AVAILABLE DATA:
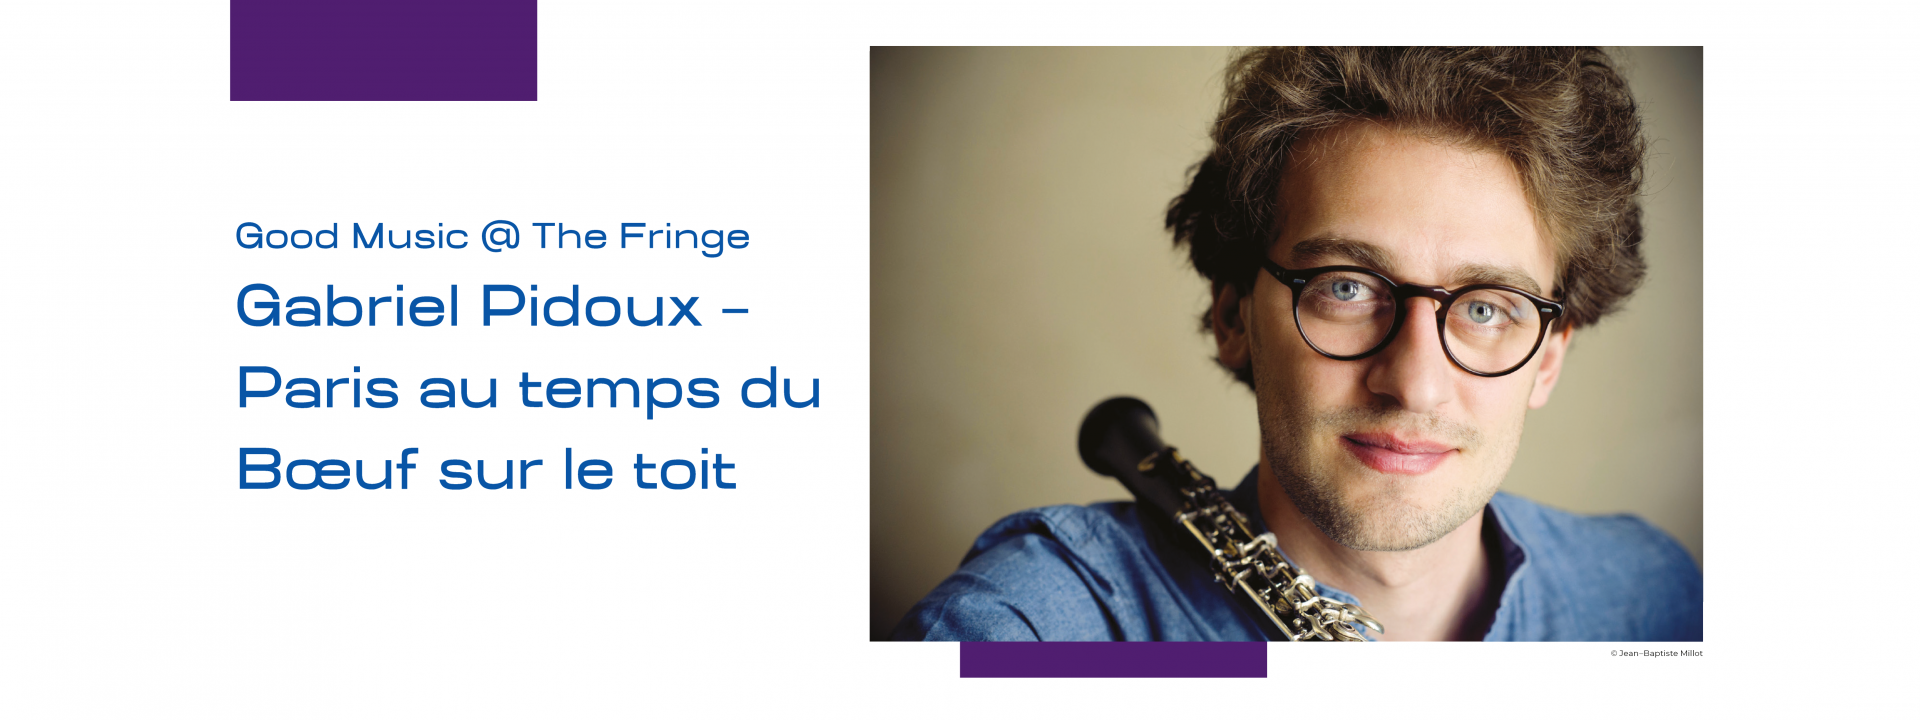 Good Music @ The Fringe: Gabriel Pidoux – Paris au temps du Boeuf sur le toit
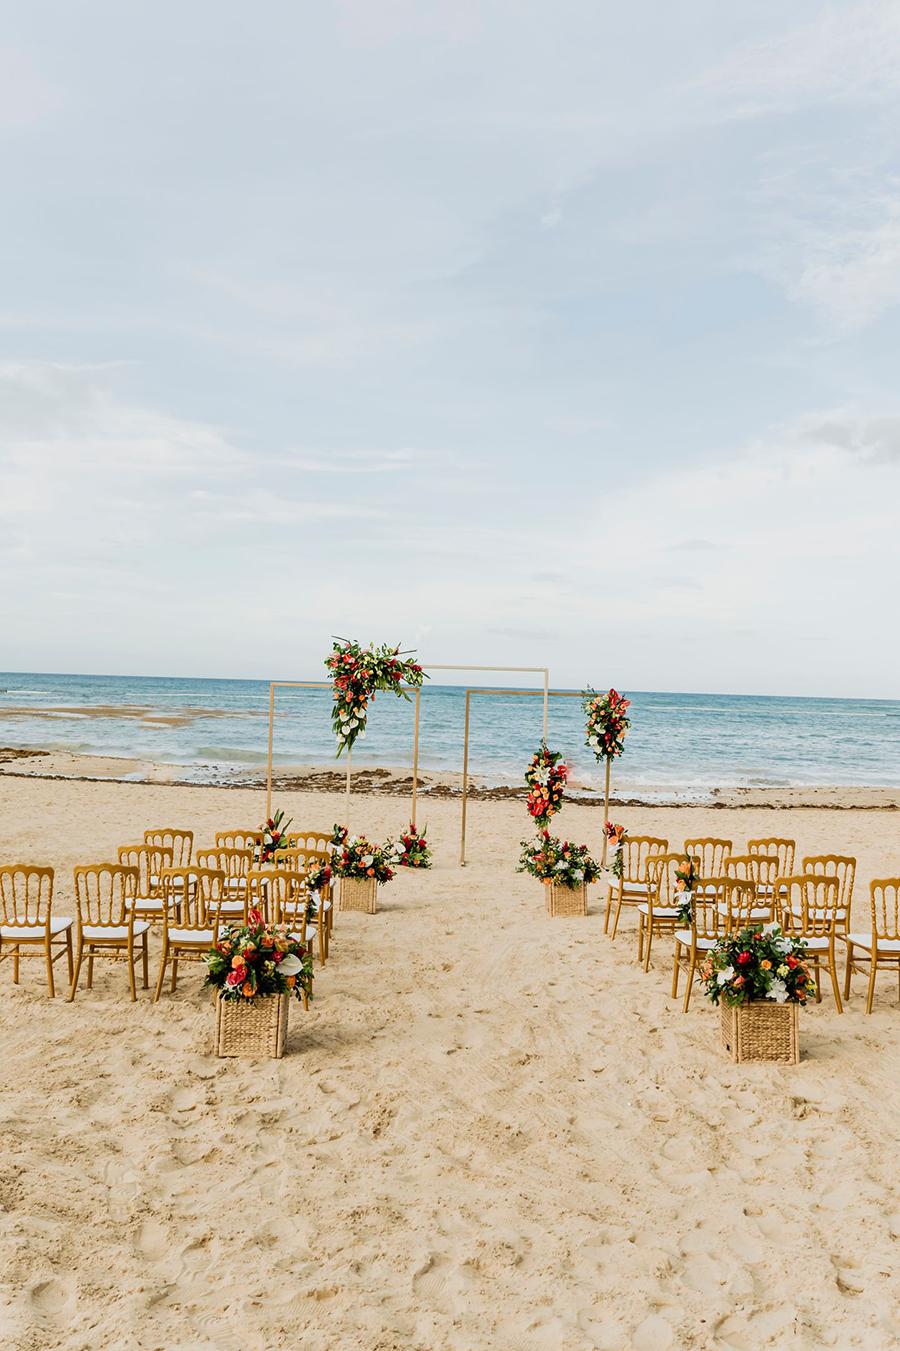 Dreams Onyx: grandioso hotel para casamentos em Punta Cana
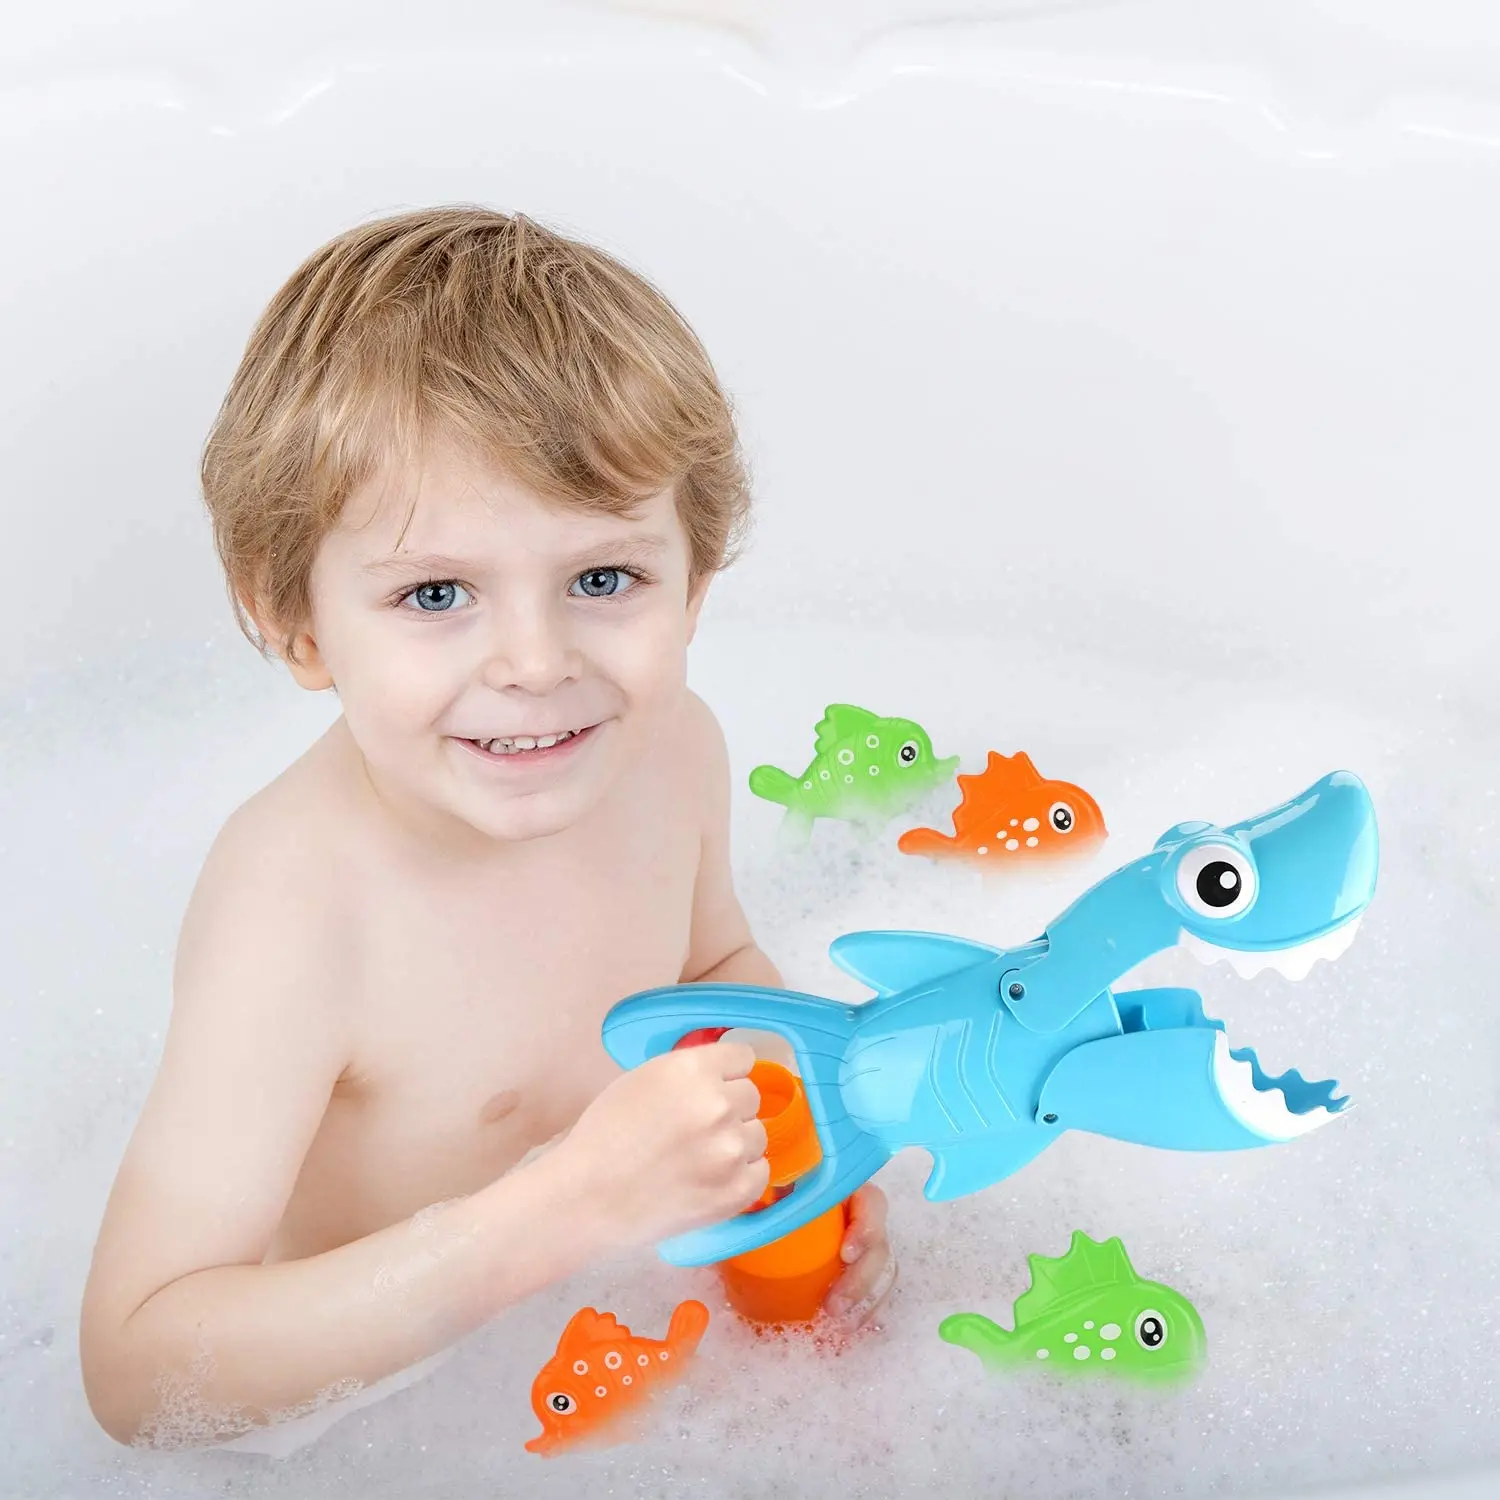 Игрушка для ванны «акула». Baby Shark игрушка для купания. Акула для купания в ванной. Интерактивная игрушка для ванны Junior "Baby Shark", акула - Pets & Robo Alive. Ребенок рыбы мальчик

TASK TO COMPLETE: Your task is to retype the listing exactly, without its pictures.

RESPONSE BELOW:
 Good Music @ The Fringe: Gabriel Pidoux – Paris au temps du Boeuf sur le toit
 Dreams Onyx: grandioso hotel para casamentos em Punta Cana
 Игрушка для ванны «акула». Baby Shark игрушка для купания. Акула для купания в ванной. Интерактивная игрушка для ванны Junior "Baby Shark", акула - Pets & Robo Alive. Ребенок рыбы мальчик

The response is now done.